Fordham Notes: CBA Students Learn What It Takes to Be Leaders

Thursday, September 16, 2010

CBA Students Learn What It Takes to Be Leaders


A willingness to take risks. A keen understanding of a company’s culture. A true sense of ones’ own strengths and weaknesses.

These, said John P. Lionato (FCRH, ’85), are some of the traits that Fordham College of Business Administration (CBA) students need to learn to be successful in business.

Lionato, Global Leader of Operational Excellence at San Antonio, Texas-based Rackspace Hosting, Inc., spoke to undergraduate students at Fordham’s Rose Hill campus on Wednesday, Sept. 15. His hour-long lecture and Q&A session, “Being A Leader,” was one of six in Access Your Future, a week of programming for CBA students featuring industry leaders talking about life outside of academia.

To give a fuller sense of what it means to be an effective leader, Lionato went back to his own career, citing eight leaders who he’s been fortunate enough to work with. Just as they mentored him, students should seek out mentors too, and when the time comes, they should take others under their wing. One of the lessons he learned was to not fear occasional setbacks.

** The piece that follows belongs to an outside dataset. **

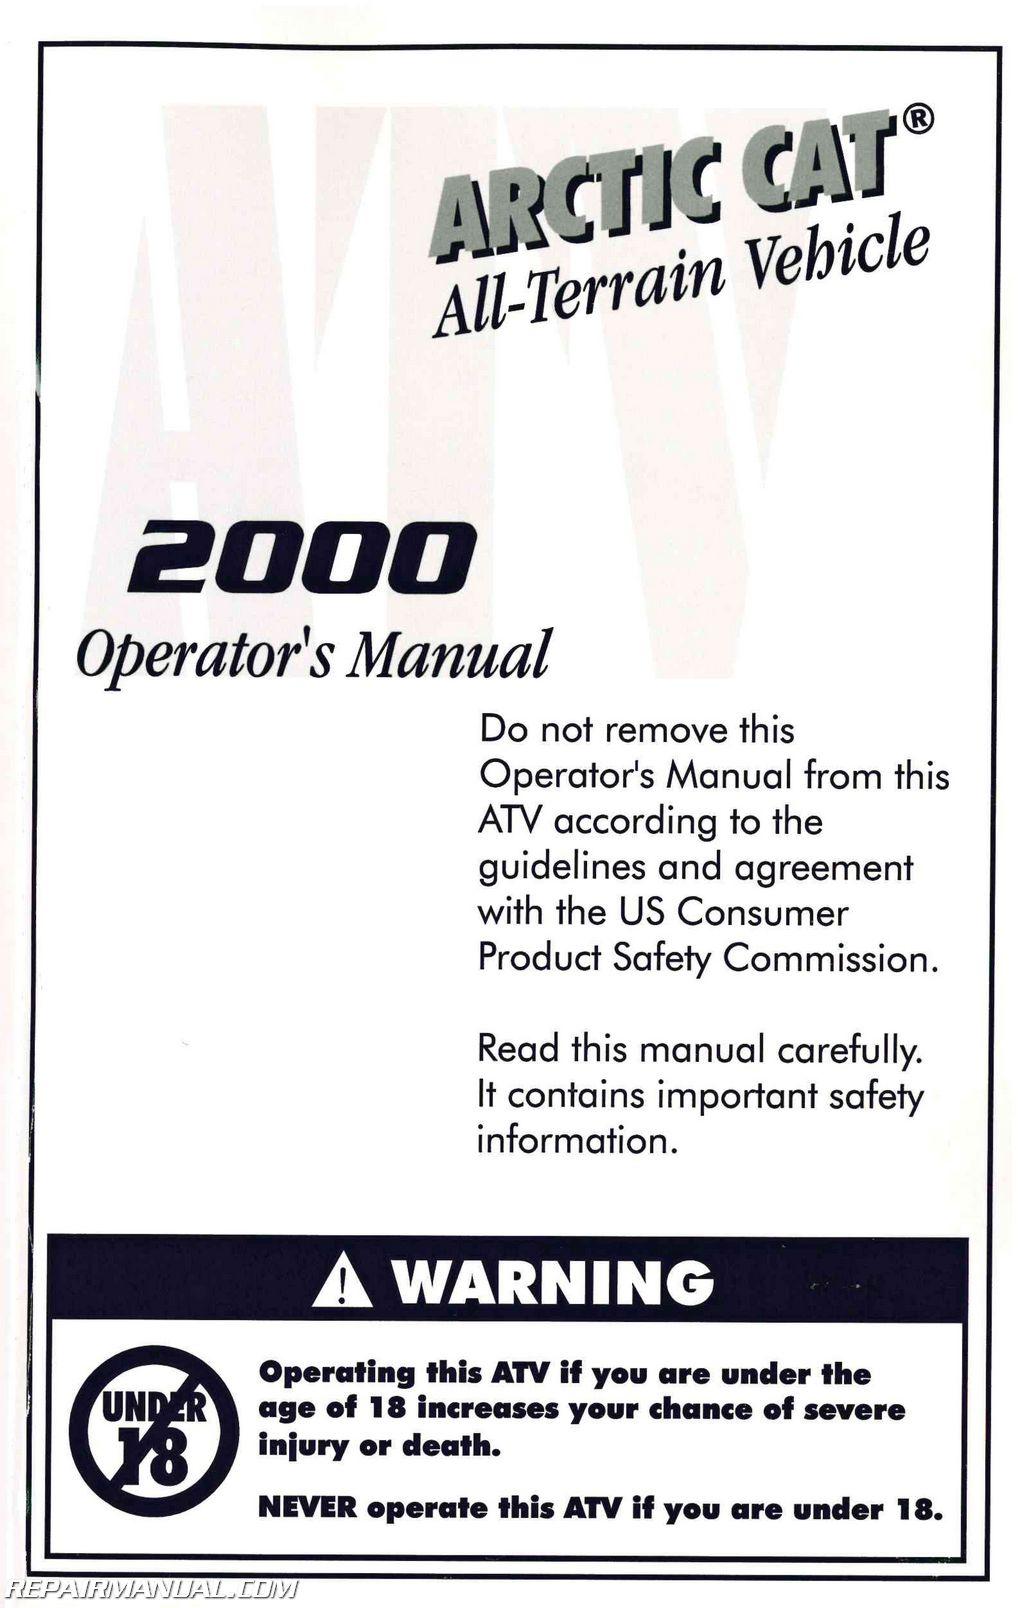 2000 arctic cat atv owners manual rh repairmanual com 2000 arctic cat atv owners manual 2000 arctic cat 500 atv owners manual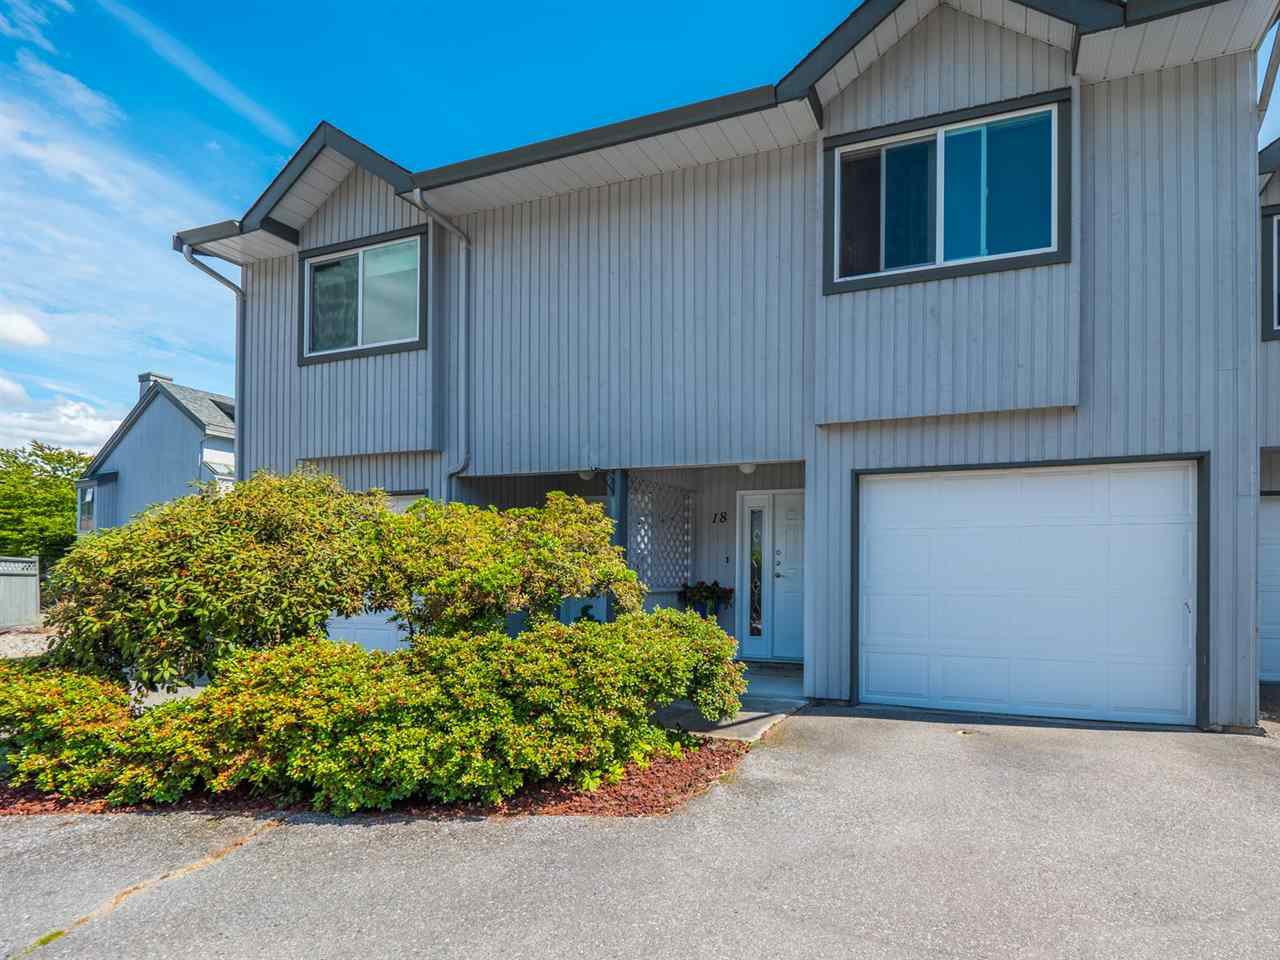 Main Photo: 18 5761 WHARF Road in Sechelt: Sechelt District Townhouse for sale (Sunshine Coast)  : MLS®# R2411016

“More than anything else, it isn’t really whether the situation fails. It’s whether you did the best you could in the situation,” he said. “It doesn’t mean that you work so hard, and it didn’t do any good; it means that you worked smart and good, and made the best decisions you could, but the thing was just against you.”

He also told students to not be afraid to try different jobs if those jobs give them a better understanding of the company as a whole, but not to settle on one that doesn’t speak to their strengths. When they learn to recognize this in others, they will earn the loyalty of their fellow workers.

“We call people at Rackspace, ‘Rackers.’ They will kill for the company. Time has no meaning,” he said. “Why? It is all wrapped in who you are. We look at people who want to come to work at Rackspace, and the first thing question is, do they fit culturally? We’ll figure out what job they can do next.”